In het project over eiwitten voor menselijke voeding werken we met een kleine verwerker (Tofurei Engel), omdat de belangrijkste Zwitserse retailers Migros en Coop momenteel nogal sceptisch zijn. Migros is niet erg geïnteresseerd vanwege de hoge productiekosten in Zwitserland. Coop zou wel geïnteresseerd zijn, maar kan de industriële verwerking van witte lupine niet uitvoeren zolang ze het gereguleerde Bio Suisse-extruderproces niet geschikt achten voor hen.
Oplossing onderzocht Verschillende intercropping systemen werden in het verleden getest, zoals erwten met gerst of faba bonen met haver. Verschillende soorten werden ook getest om hetzelfde rijpheidspunt en uiteindelijk hetzelfde oogstpunt te vinden.
De casestudy richt zich op de teelt van verschillende soorten soja of lupine in intercropping of relay cropping systemen, en vergelijkt deze met de traditionele zuivere gewassen en standaardvariëteiten.

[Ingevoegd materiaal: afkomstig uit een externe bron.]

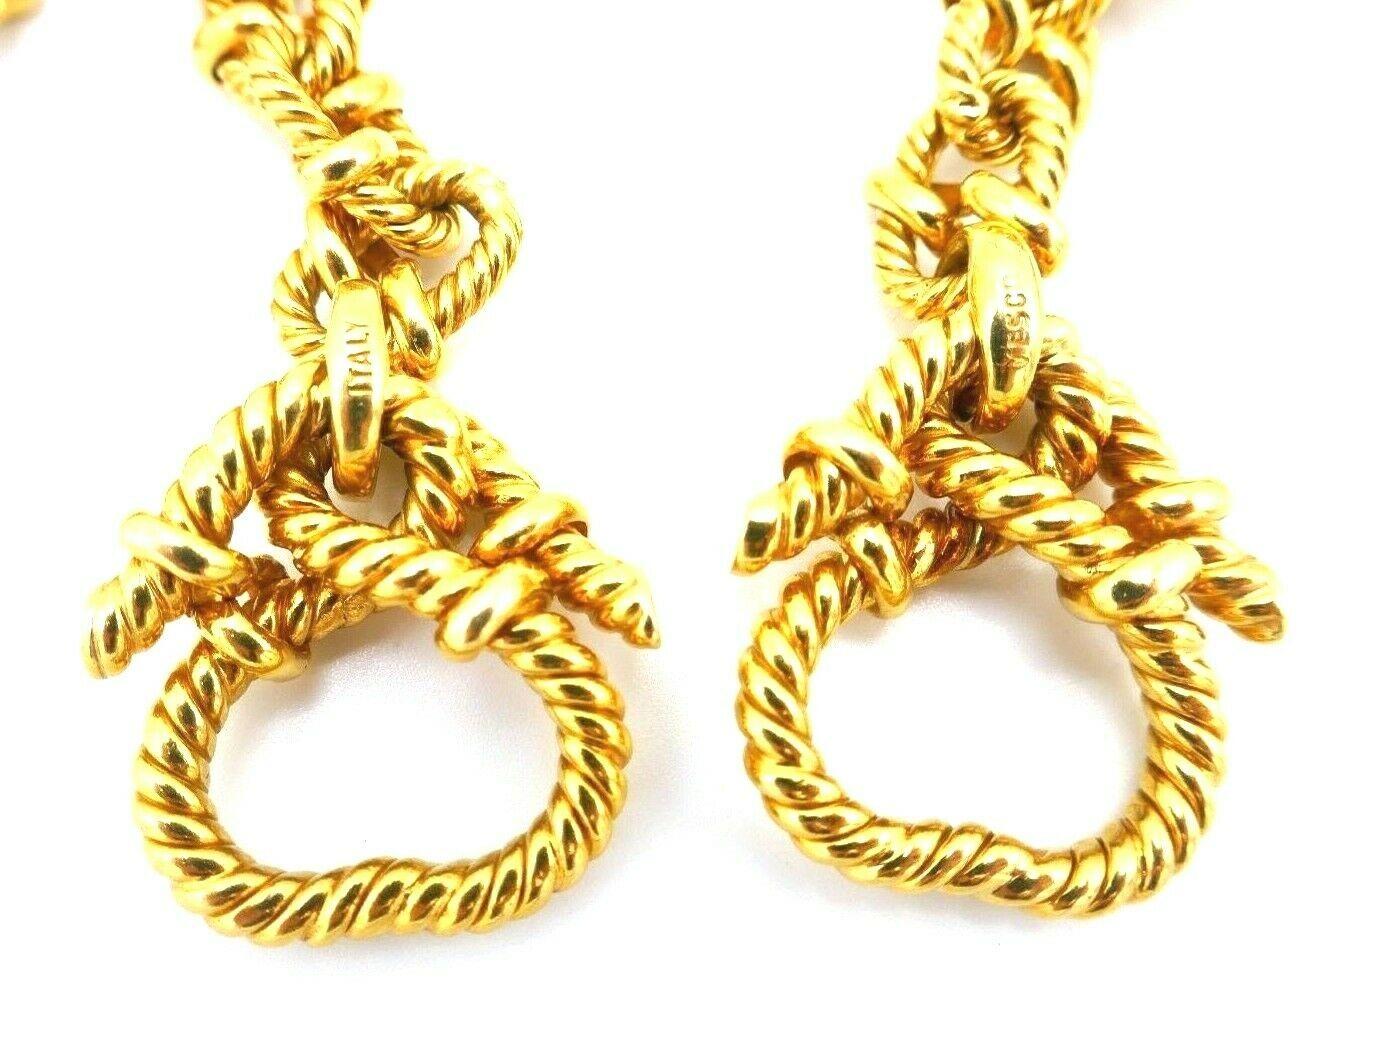 Vesco Italy Yellow Gold Rope Chain Necklace Bracelet Set 2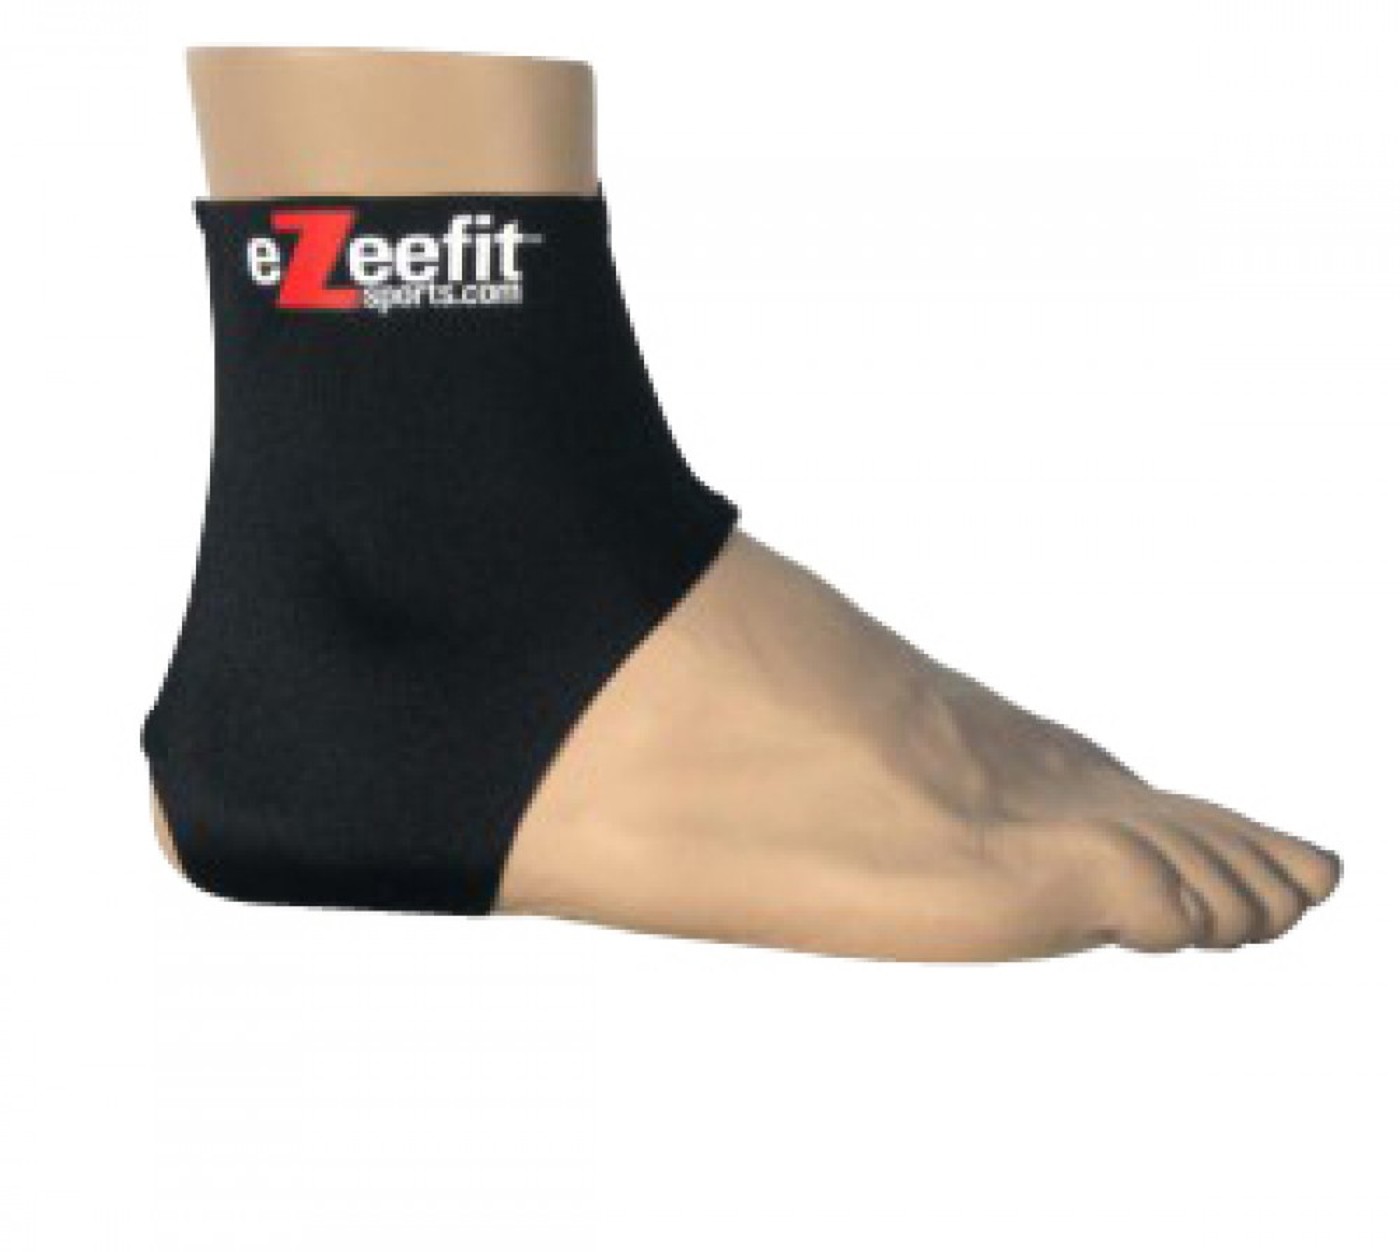 EZEEFIT ankle Booties ultrathin

Naast intercropping zullen we ook proberen om direct te zaaien of te weinig te zaaien.
Wat de productie van witte lupine betreft, worden we nog steeds geconfronteerd met de antracnoseziekte, die een belangrijke barrière vormt. Daarnaast is de verwerking van lupine, met behulp van het gereguleerde Bio Suisse-extruderproces, momenteel niet toegestaan in Zwitserland. In 2020 zullen antracnose-tolerante rassen van witte lupine uit Duitsland op de biologische markt worden gecommercialiseerd. Dit biedt ons de mogelijkheid om nieuwe producten voor menselijke consumptie te ontwikkelen in samenwerking met kleine verwerkers (bijvoorbeeld met Tofurei Engel).
Verwacht resultaat
- Het opzetten van de biologische productie van soja en blauwe lupine voor veevoer in Zwitserland op een vrij grote schaal.
- Productie en verwerking van biologisch geproduceerde witte lupines voor menselijke consumptie op kleine schaal.
- Het vinden van nieuwe methoden om de opbrengst van biologische soja en lupine te stabiliseren.
- Het vinden van nieuwe manieren om het gevaar van een volledige onkruidplaag op het einde van de groeiperiode te verminderen.
- Het ontwikkelen van nieuwe en low-input systemen voor de productie van soja en lupine zonder enige chemische input.
- Uitwisseling van kennis met andere projectpartners.
Relevantie voor de DiverIMPACTS-doelstellingen? Deze casestudy draagt bij aan een meer gediversifieerd agrarisch landschap met een lagere impact op het milieu en de productie van ecosysteemdiensten. Dit laatste is het directe gevolg van een lager gebruik van inputs in dergelijke systemen. Bovendien kunnen de verschillende geïmplementeerde technieken in de biologische landbouw ook de conventionele sector inspireren en leiden tot verdere positieve effecten. Ten slotte wordt de markt van de zaaddragende leguminosen ontwikkeld door ook het aanbod aan afzetmogelijkheden te diversifiëren.